第12話 ノンストップ×エスケープ 3
「……正解」
魔術師。ピタリと言い当てられ、エドは苦笑した。
「恐いか?」
シプレは首を横に振った。恐がる様子もなく、丁寧畳まれたジャケットを差し出す。
「魔術師さんは、恐くないです」
エドは彼女の表情を窺いながらジャケットを受け取った。目の動き、微妙な表情の変化。それらを見る限り嘘を吐いている……ということはなさそうだった。
「変わってんな。普通の奴は腰抜かすか全力で逃げるぜ」
「そう、ですか……」
膝を抱えて縮こまり、彼女は目を伏せた。
拙いことを言ったな。遠回しに変人扱いしてしまった事に気付き、エドは肩を落とした。散々魔女扱いされ気が滅入っている相手に、追い打ちをかけるように変と言うのは流石に軽率すぎた。
「あー……悪ぃ。
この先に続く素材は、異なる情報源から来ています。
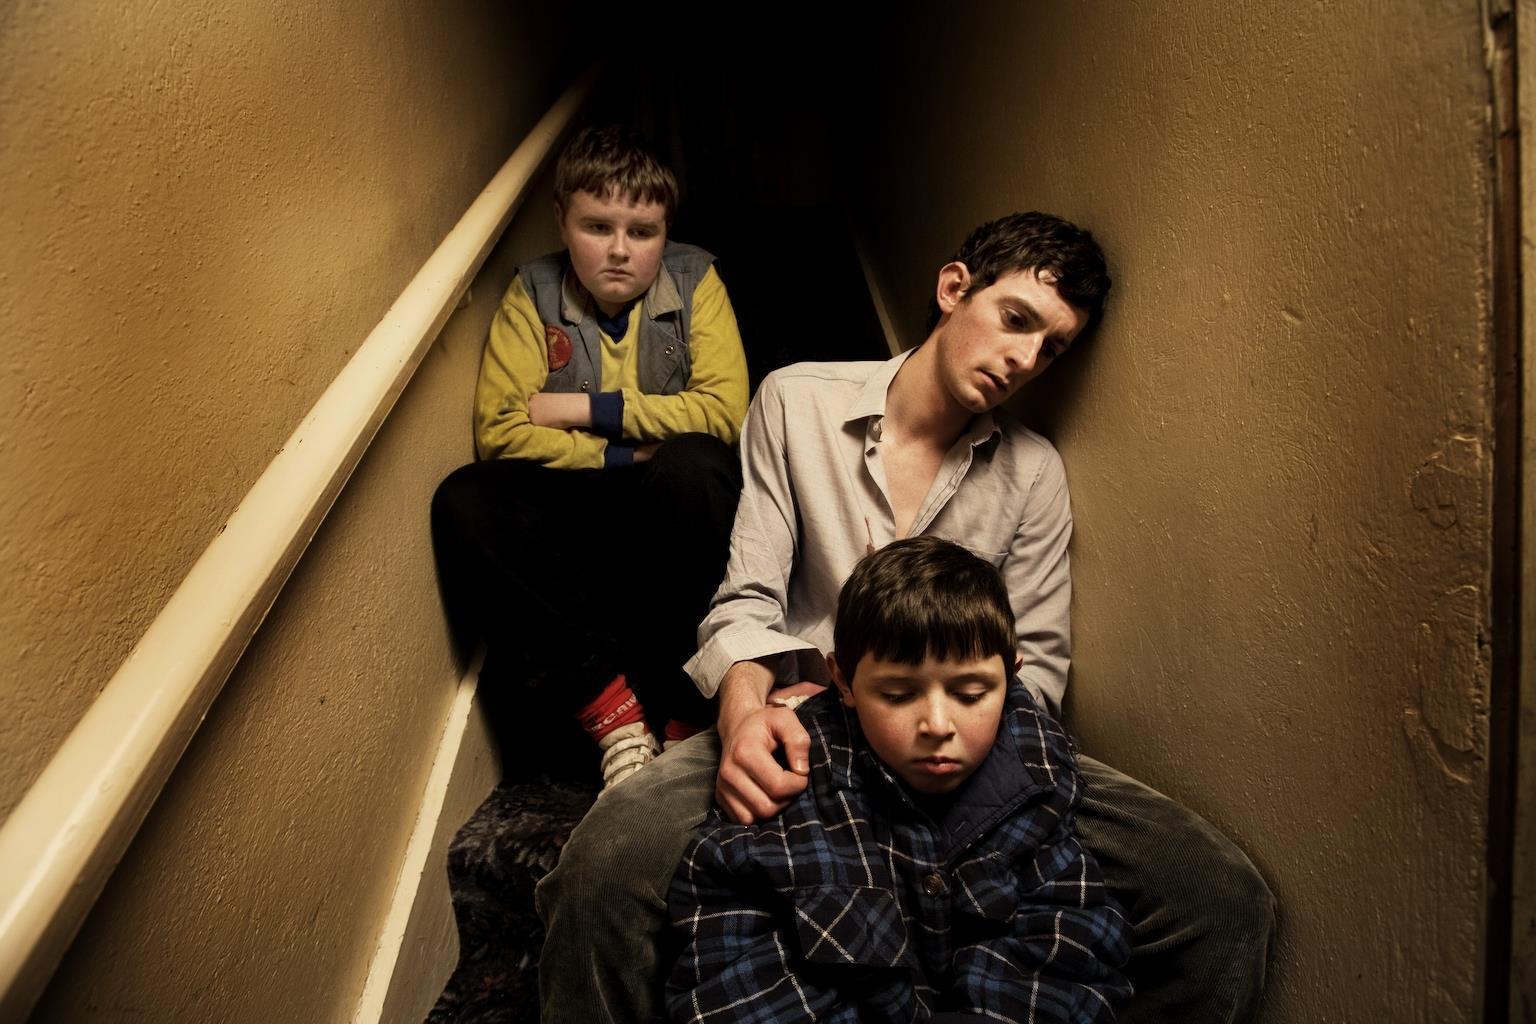 Tribeca Film Festival 2010: My Brothers
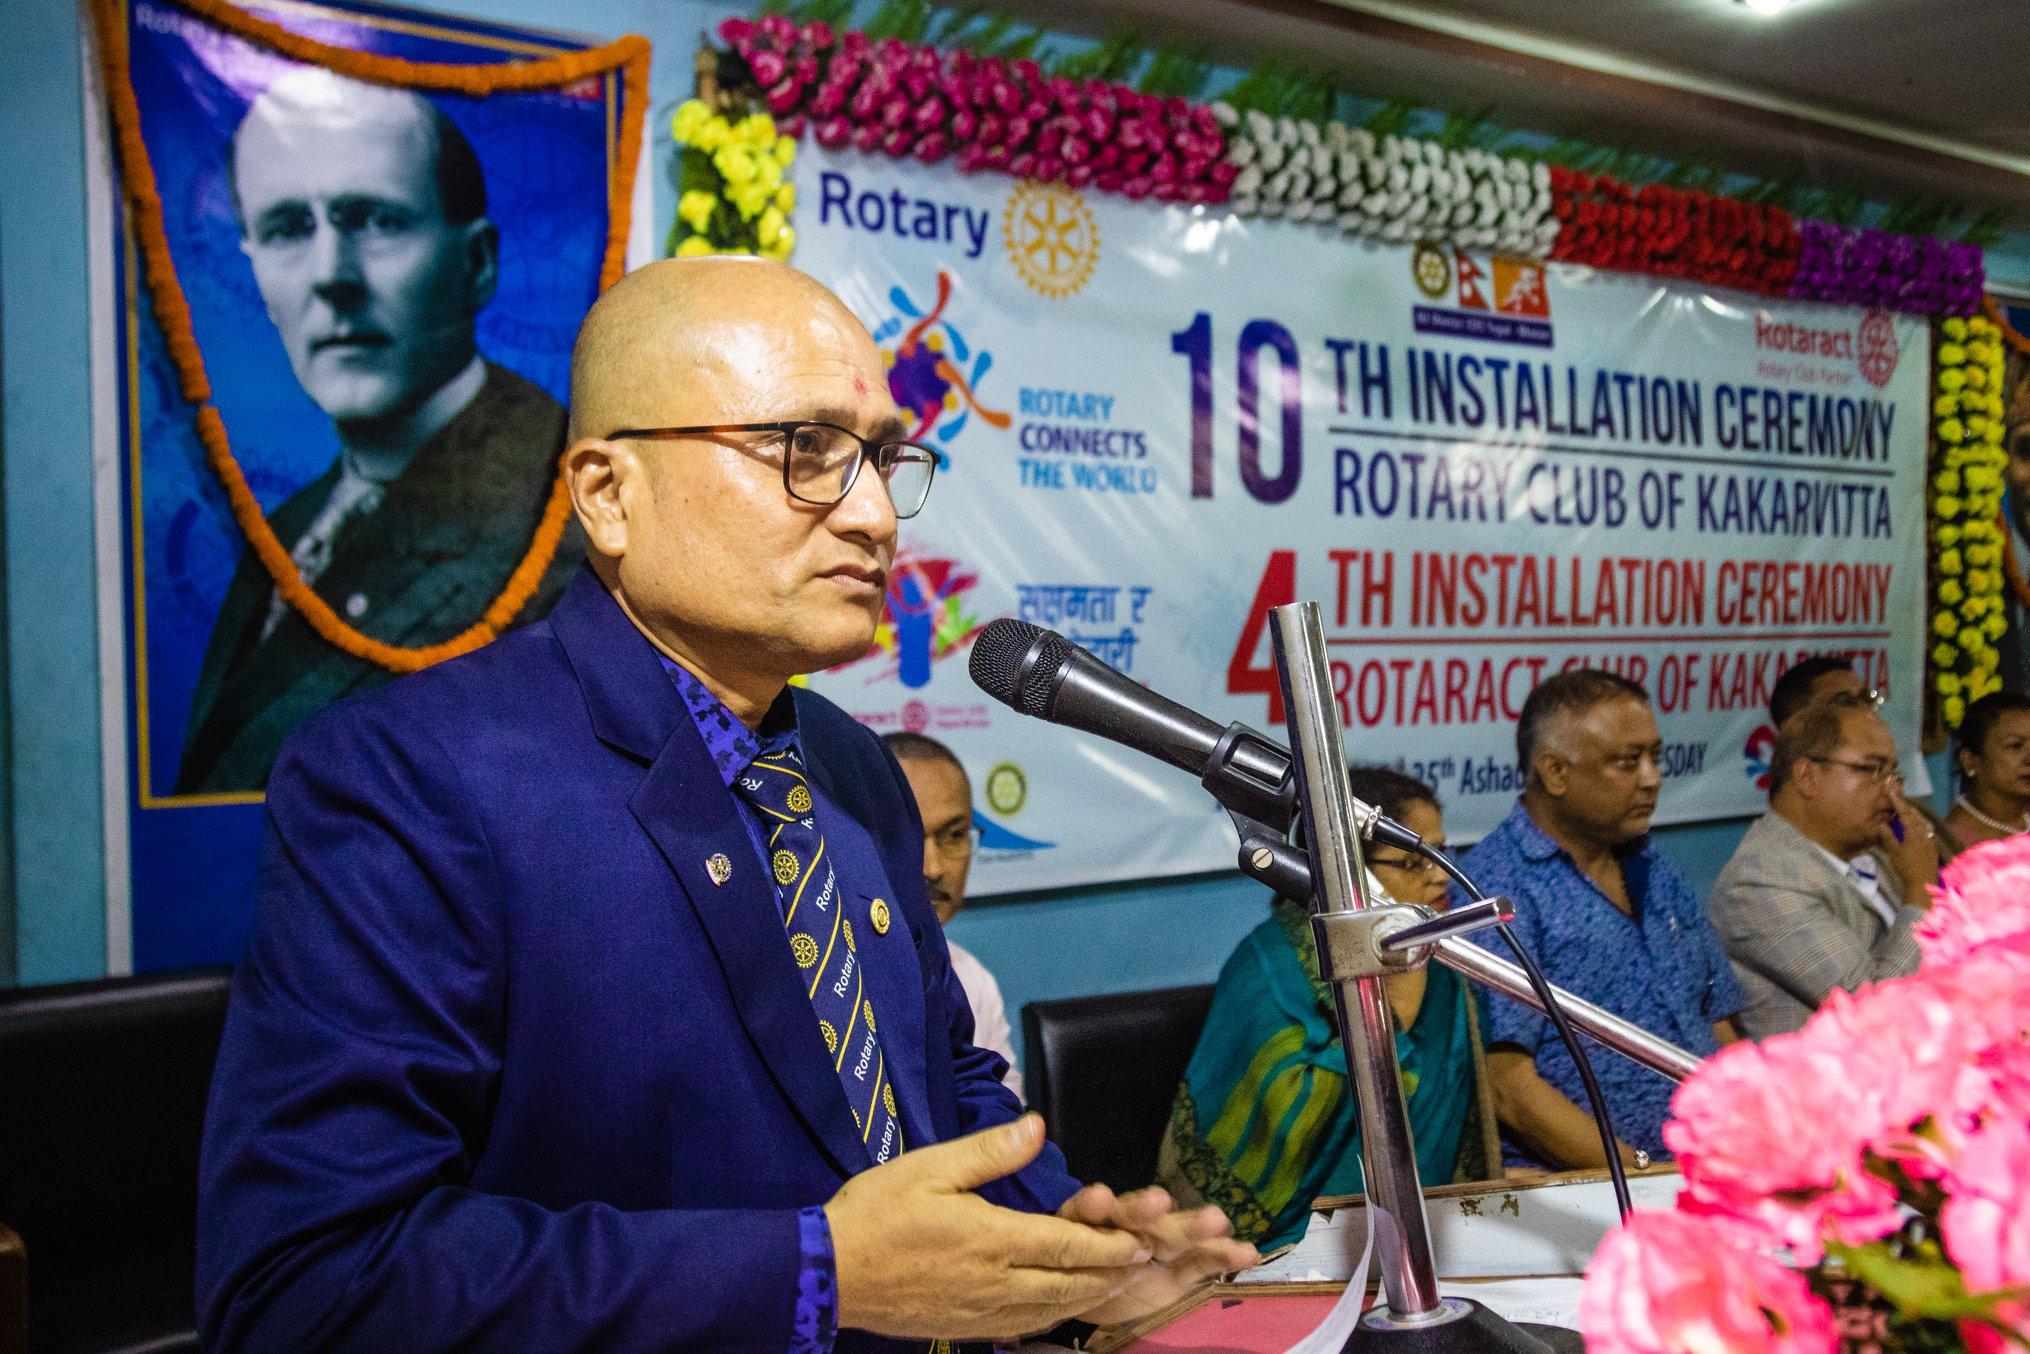 10th Installation Ceremony Rotary Club Of Kakarvitta 40
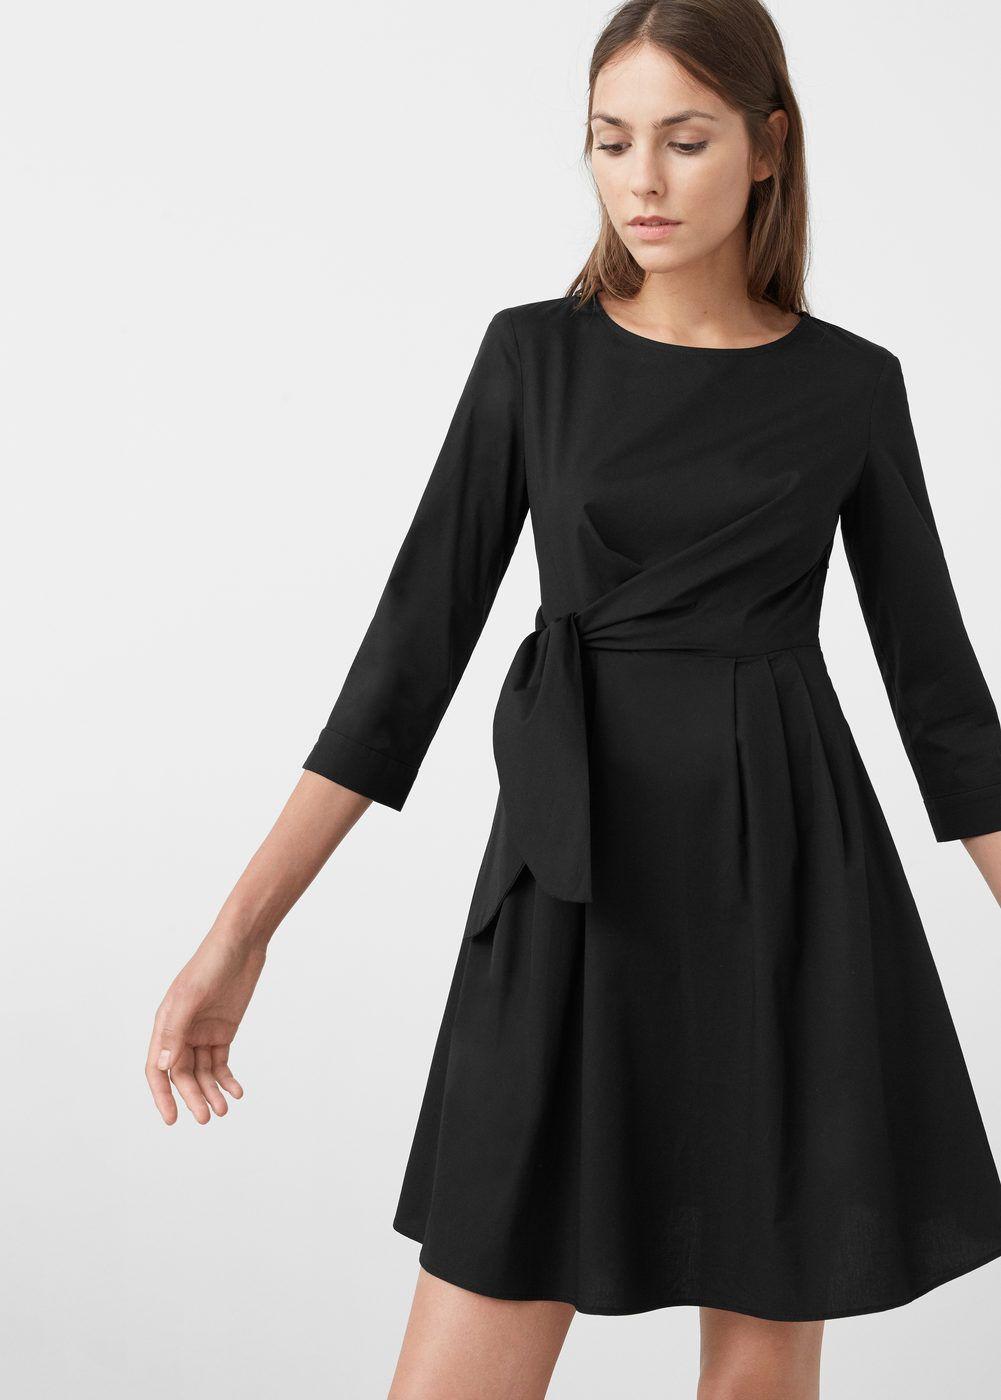 Black tie dresses manteca

さっきのはなしだ。忘れてくれ」
「大丈夫です。変なのは……本当ですから」
彼女は自嘲気味に言った。
「変だから……こんなことになったんです……」
自分が他人と違うから魔女と疑われてしまった。恐らく、彼女はそう思い込んでいる。普通だったら、他人と同じだったら。そんなくだらないことを考えながら、今日まで過ごしていたのだろう。
「お前は普通だ。昔のことは知らねぇけど、少なくとも俺の目の前にいるのは普通の女の子だ」
普通。彼女は普通だ。普通の女の子で間違いない。同じ言葉を繰り返し、エドは彼女の存在を肯定した。自分が認めなければ彼女は本来の自分を見失ってしまう。今まで嫌と言うほど自己を失った者の末路を見てきた。出来れば、彼女が堕ちる姿は見たくない。
「普通、ですか?」
「おう」
「本当に、そう思いますか?」
「おう。本当だ」
言うと、シプレは伏せていた目を見開いた。
「本当に、本当ですか?」
「しつけぇな。そんな嘘吐いたって意味ねぇだろ」
気のせいだろうか。濁っていたはずの彼女の瞳に、僅かだが光が戻ってきたように見える。単に物理的に光を反射しているだけかもしれないが、少なくとも先までよりはまともな目をしている。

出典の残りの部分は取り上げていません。